“Havana Syndrome” | US intelligence is still looking for the cause

(Washington) The United States is not yet sure what causes the so-called “Havana Syndrome,” a mysterious disease afflicting American diplomats in several countries, intelligence chief Avril Haines said on Monday.

Posted on Aug 9, 2021 at 11:33 am

The U.S. intelligence director said she held a meeting with senior government officials and experts on Friday to discuss the issue.
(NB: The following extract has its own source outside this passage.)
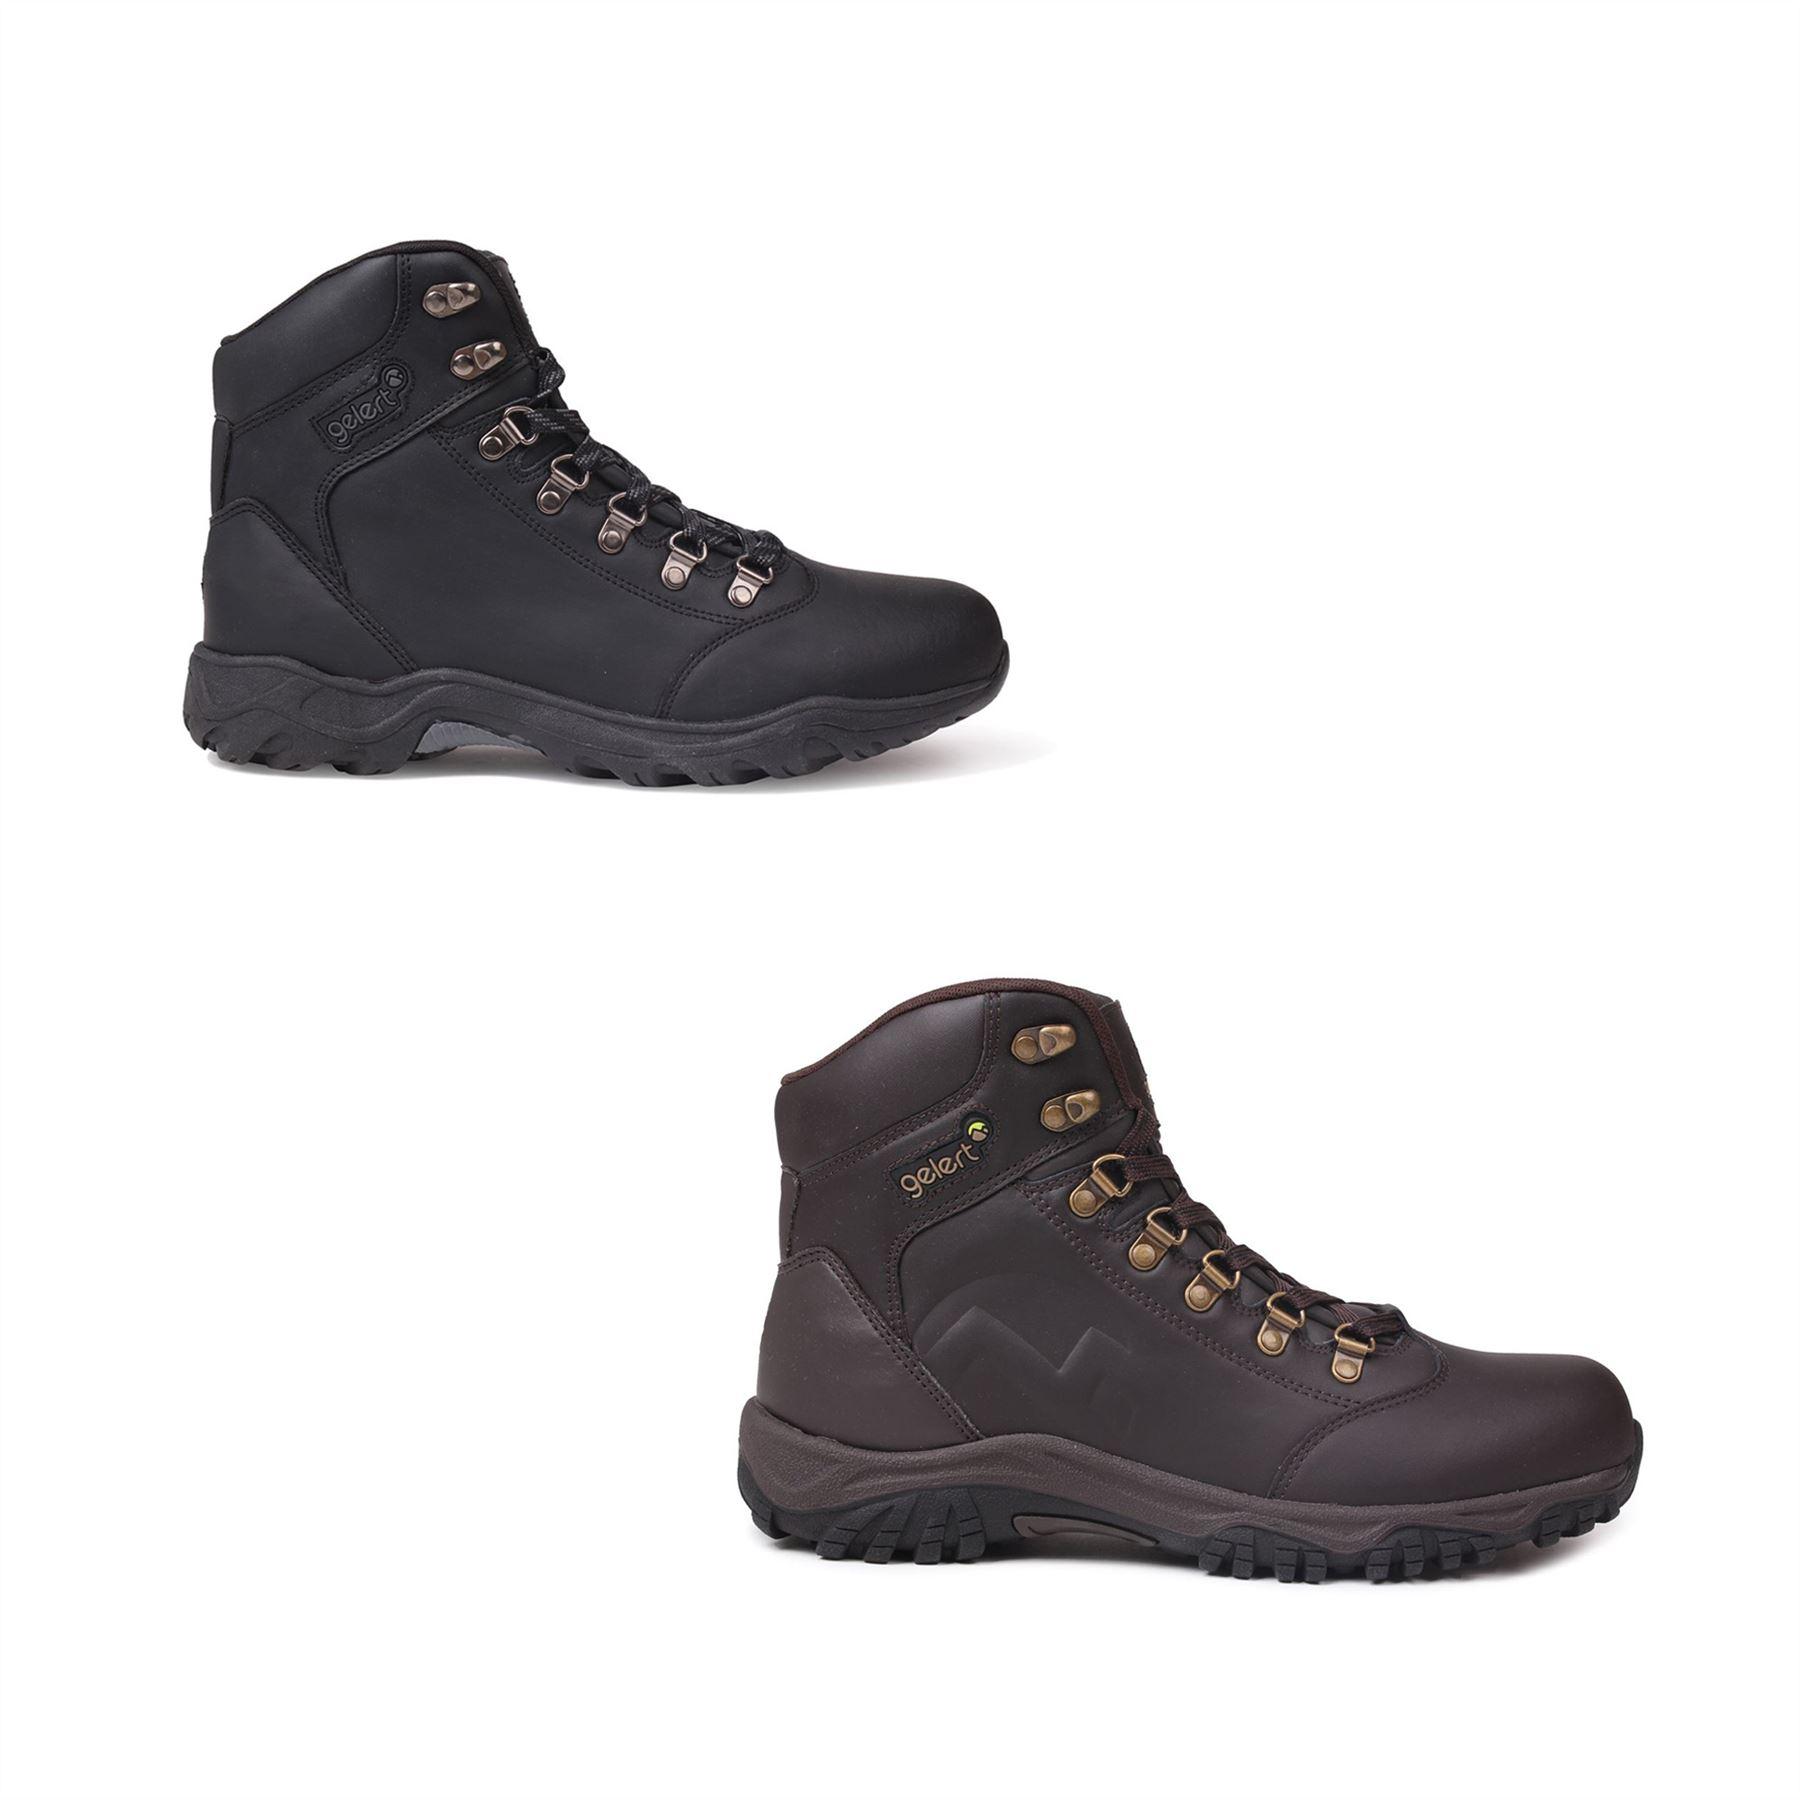 Détails sur Gelert Cuir Marche Bottes Hommes Randonnée Trekking Chaussures Chaussures
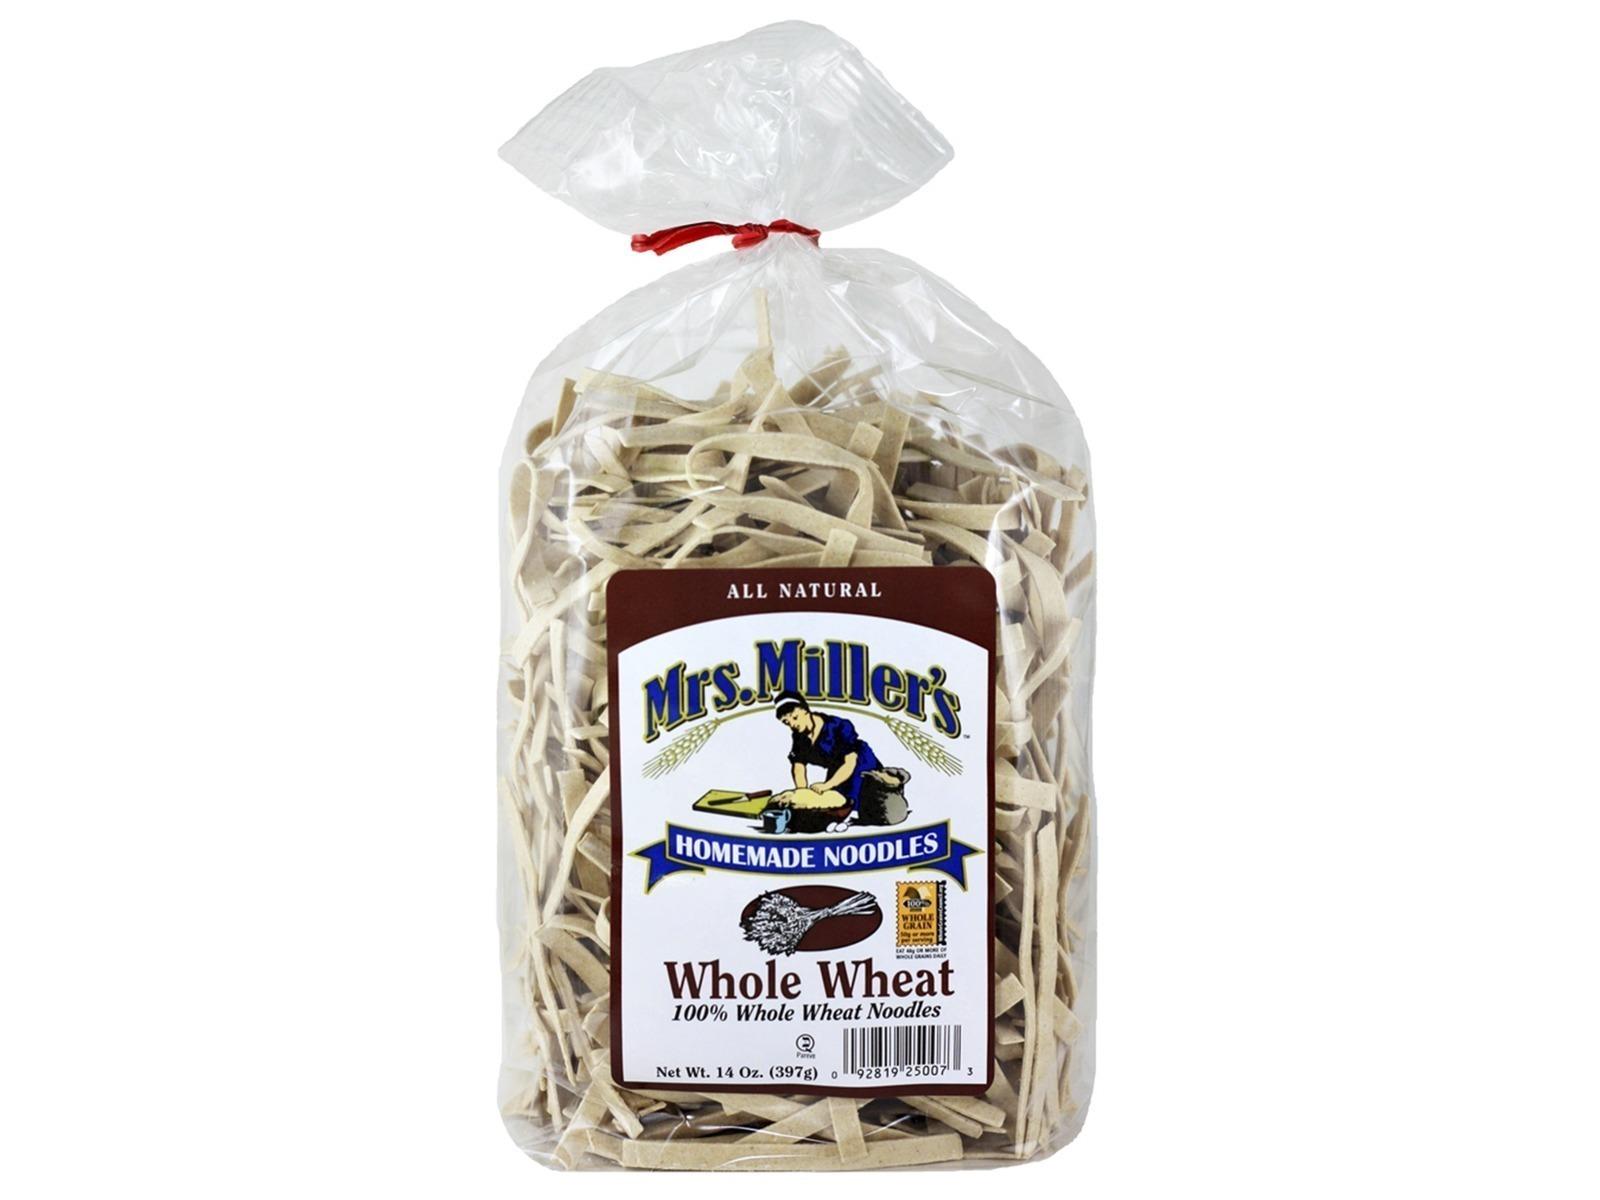 Whole Wheat Noodles

The phenomenon has led to previously unproven allegations that Russia or other countries are accused of using high-intensity electronic devices to physically harm American diplomats in Cuba, China and elsewhere.

But five years after the first case in Havana, medical professionals, intelligence agencies and US officials are still unsure what exactly is causing these “abnormal health problems” that plagued US diplomats and their families, Ms. Haines said in a statement.

“Identifying the cause of the abnormal health problems, providing the best possible care for those affected and preventing such incidents from continuing are top priorities,” the official agreed at the meeting.

PHOTO SUSAN WALSH, ARCHIVELY RELATED PRESS

The head of the American secret service Avril Haines

Defense, Foreign Affairs, Finance, Energy, Homeland Security and Justice Ministers attended Friday’s meeting.

Affected diplomats have in recent years accused the government of not doing enough to identify the cause or source of their symptoms.

The case emerged in 2016 when US diplomats and their families in Cuba reported migraines, nausea and nosebleeds after hearing high-pitched sounds at night.

Similar complaints from US officials have since been reported from China, Russia, and the United States itself.

The New Yorker claimed in July that since Joe Biden took office this year, around 20 US secret services, diplomats and other officials in Vienna had reported problems similar to the “Havana Syndrome”.

Attendees at Friday’s meeting “made it clear that they would support those faced with abnormal health problems to ensure they are believed, heard and respected,” said Avril Haines.